Please reproduce the data exactly, excluding any pictures it contains.

Stored records:

◇ ◇ ◇ ◇ ◇ ◇ ◇

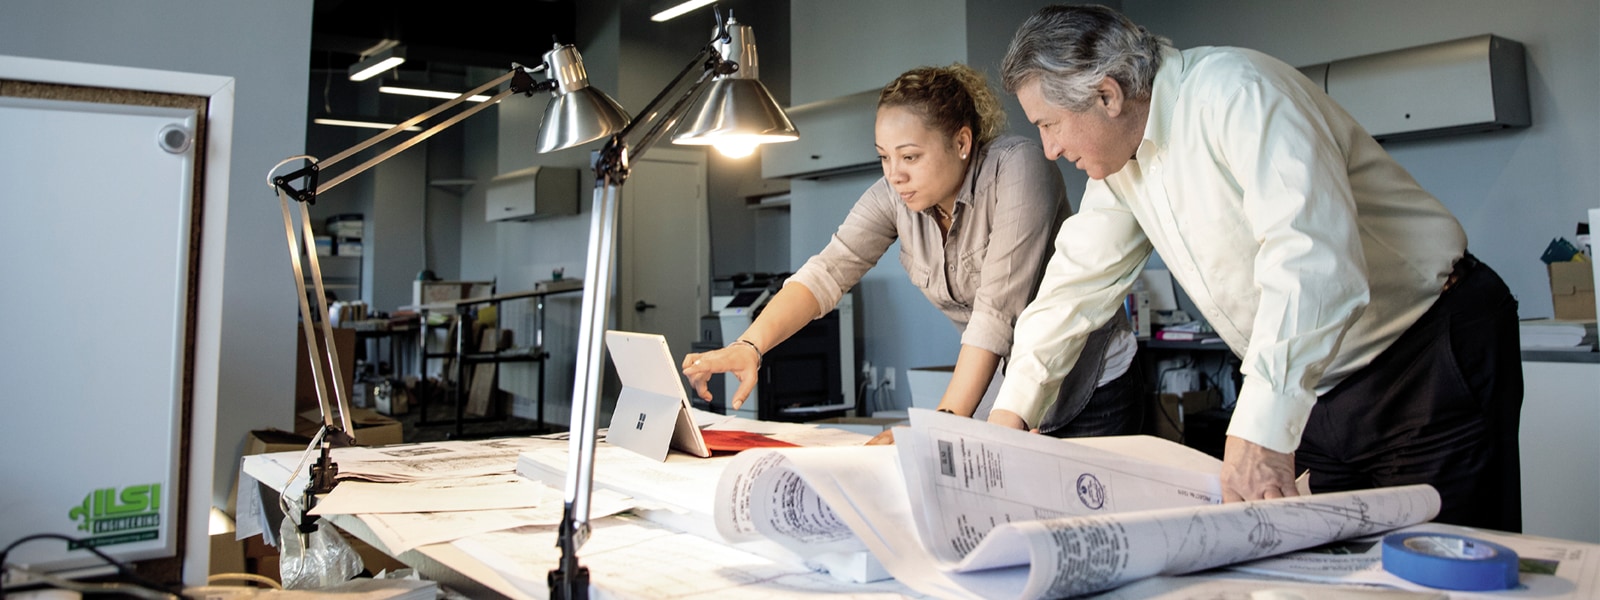 Two business professionals viewing architectural drawings on drafting table.
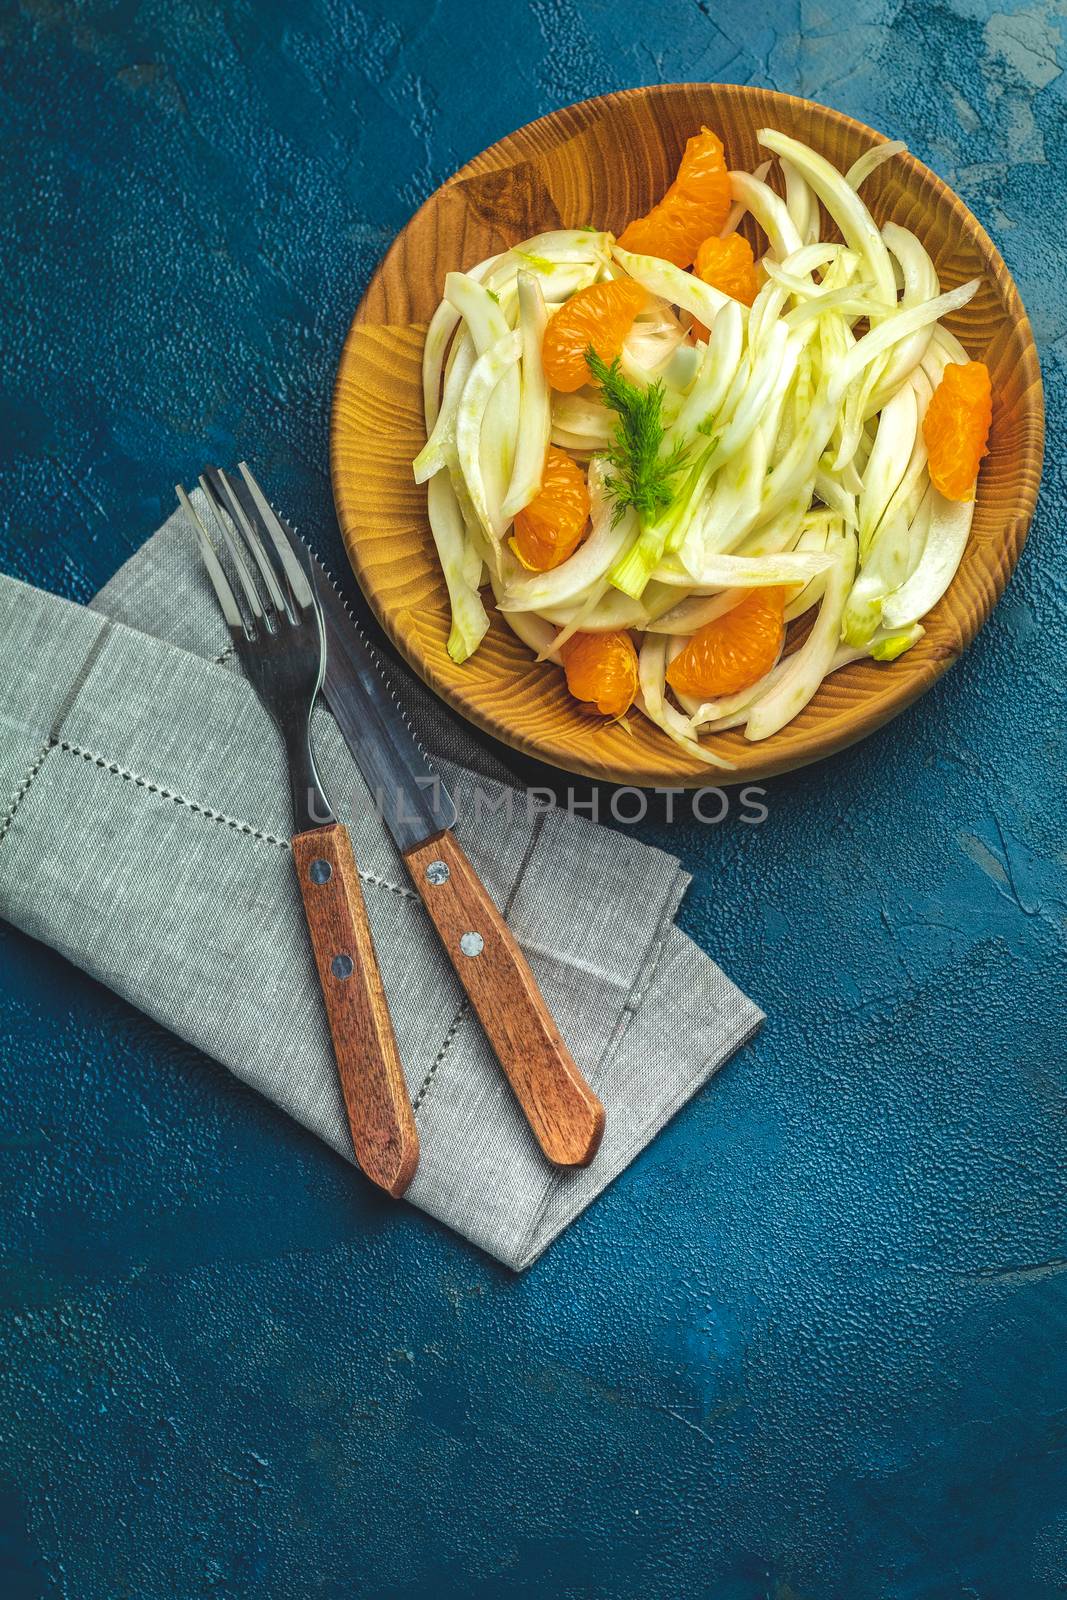 Traditional sicilian italian salad with fennel and tangerine. Fennel and orange citrus salad on wooden plate between ingredients on dark blue concrete table surface. Modern, light, raw, veg cuisine
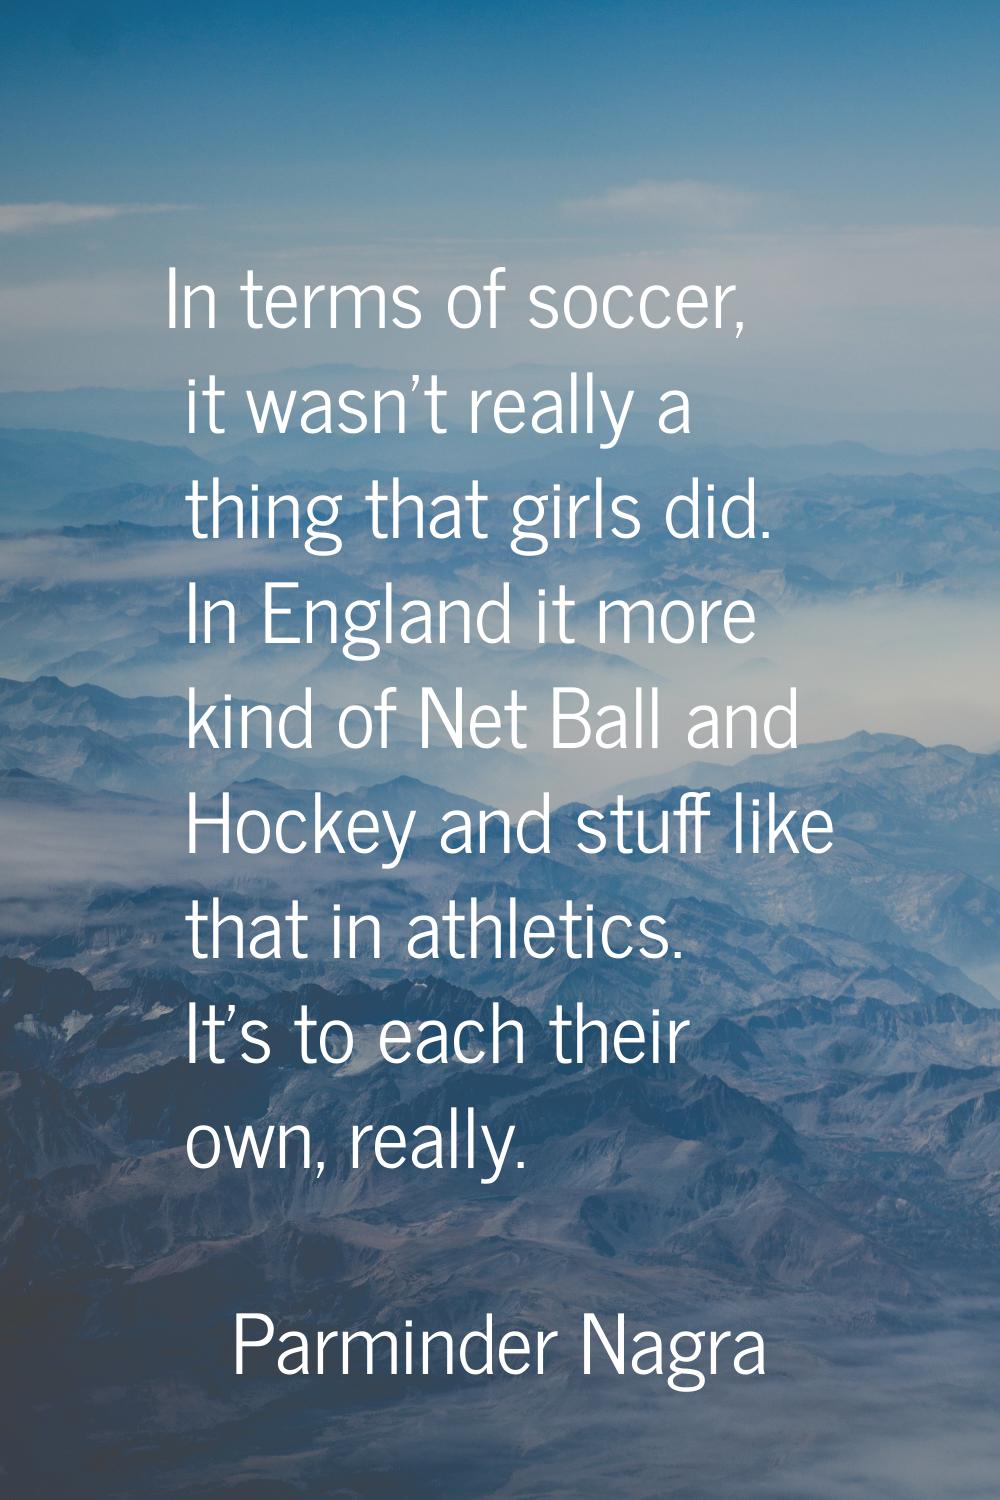 In terms of soccer, it wasn't really a thing that girls did. In England it more kind of Net Ball an
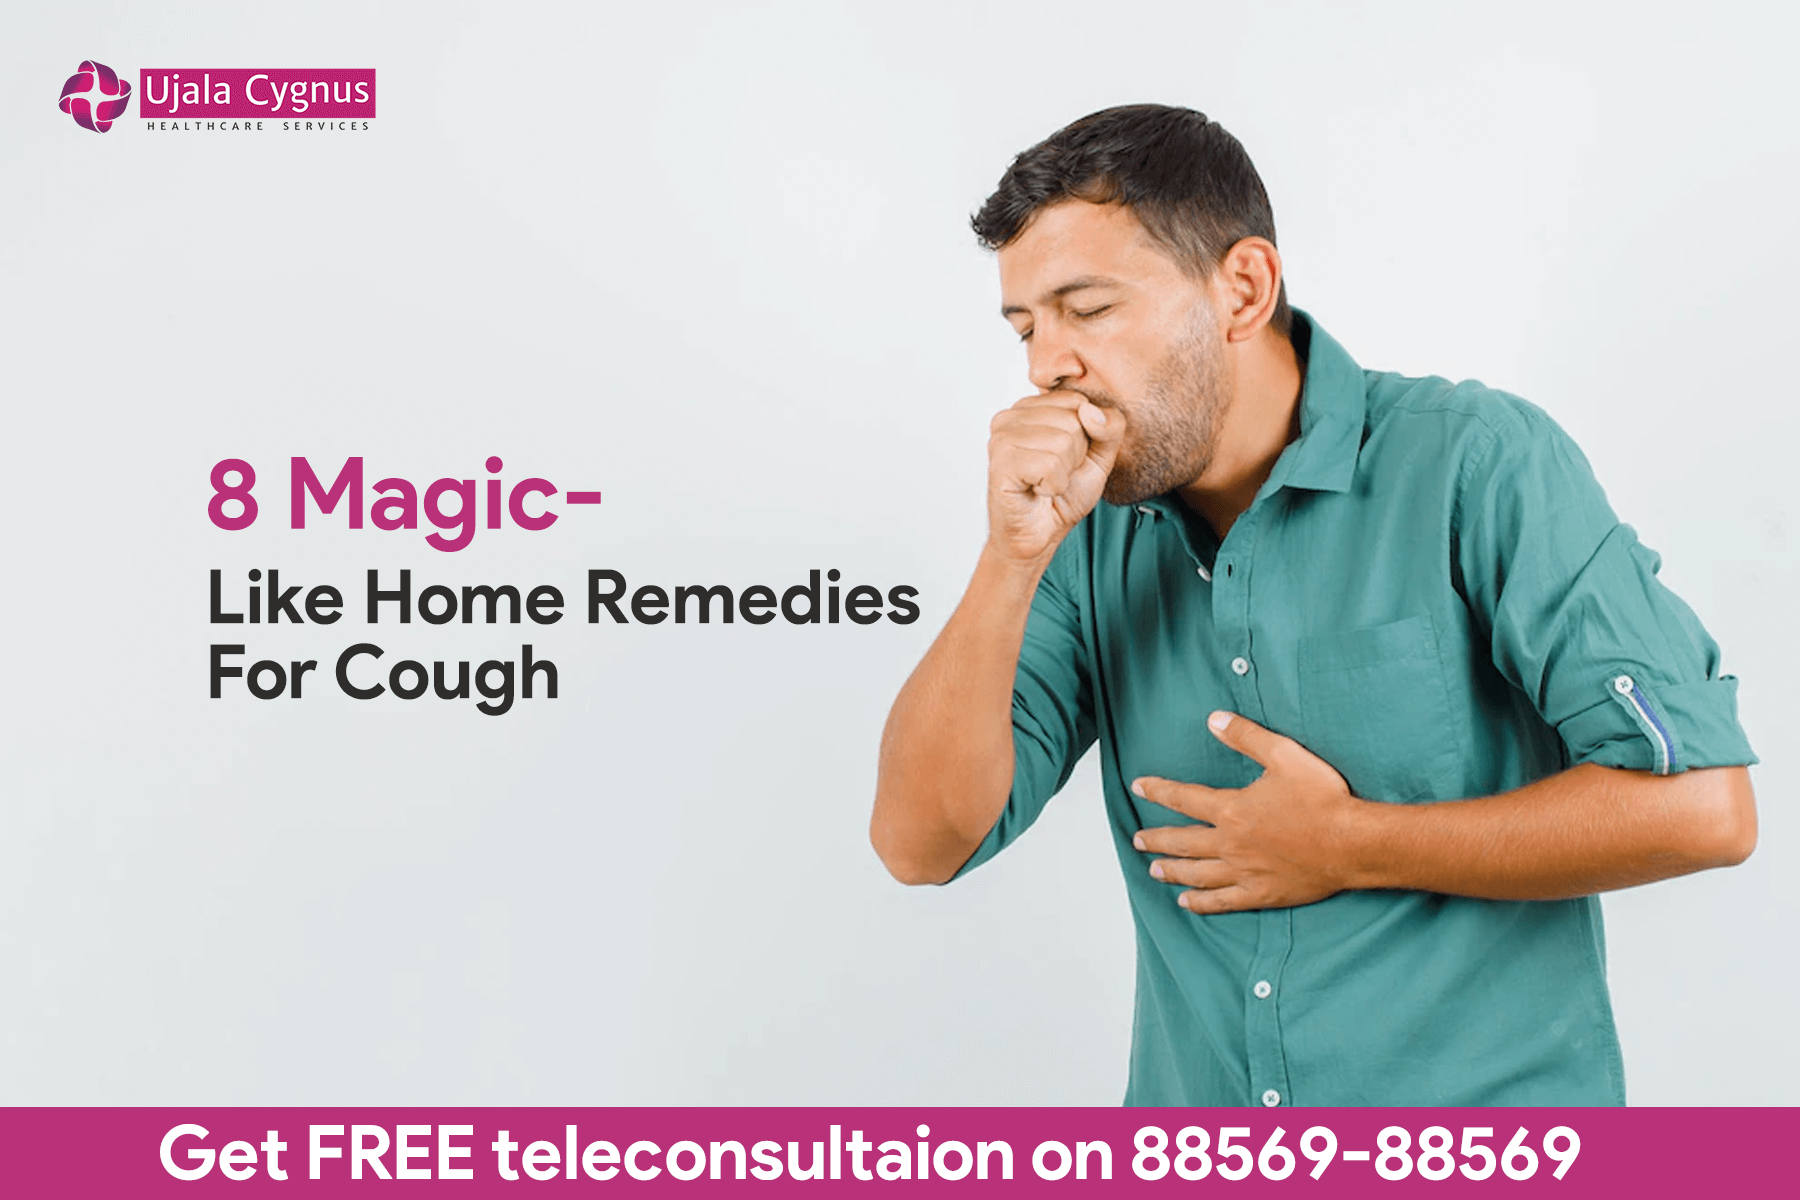 8 Magic-Like Home Remedies For Cough
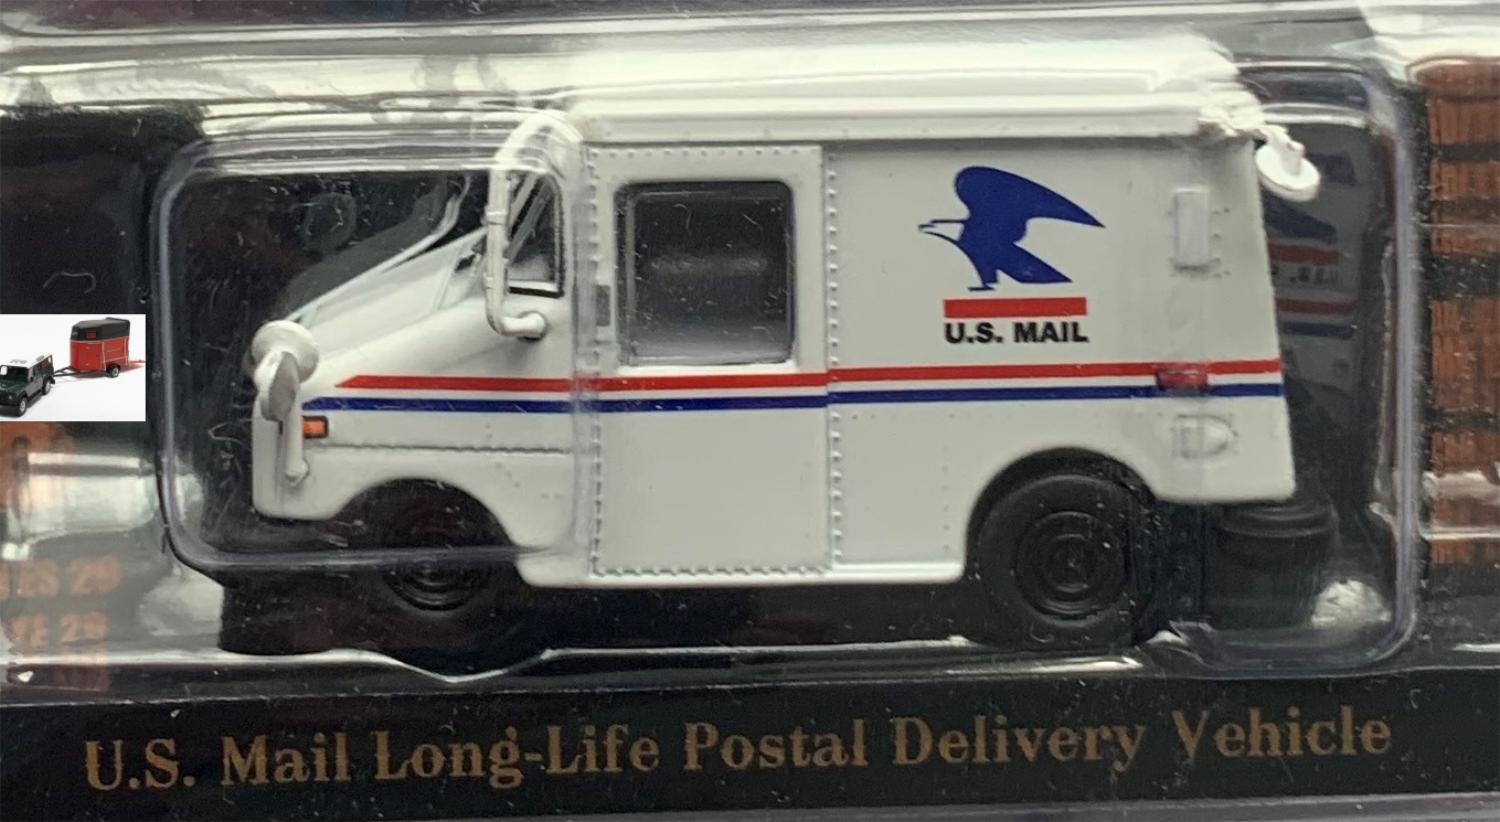 From the TV series Cheers, US Mail Life Postal Delivery Vehicle in white 1:64 scale model from Greenlight  Hollywood, Series 29, limited edition model

◇ ◇ ◇ ◇ ◇ ◇ ◇

» **Exercise solution**
 Two business professionals viewing architectural drawings on drafting table.
 Traditional sicilian italian salad with fennel and tangerine. Fennel and orange citrus salad on wooden plate between ingredients on dark blue concrete table surface. Modern, light, raw, veg cuisine
 In terms of soccer, it wasn't really a thing that girls did. In England it more kind of Net Ball an
 8 Magic-Like Home Remedies For Cough
 From the TV series Cheers, US Mail Life Postal Delivery Vehicle in white 1:64 scale model from Greenlight  Hollywood, Series 29, limited edition model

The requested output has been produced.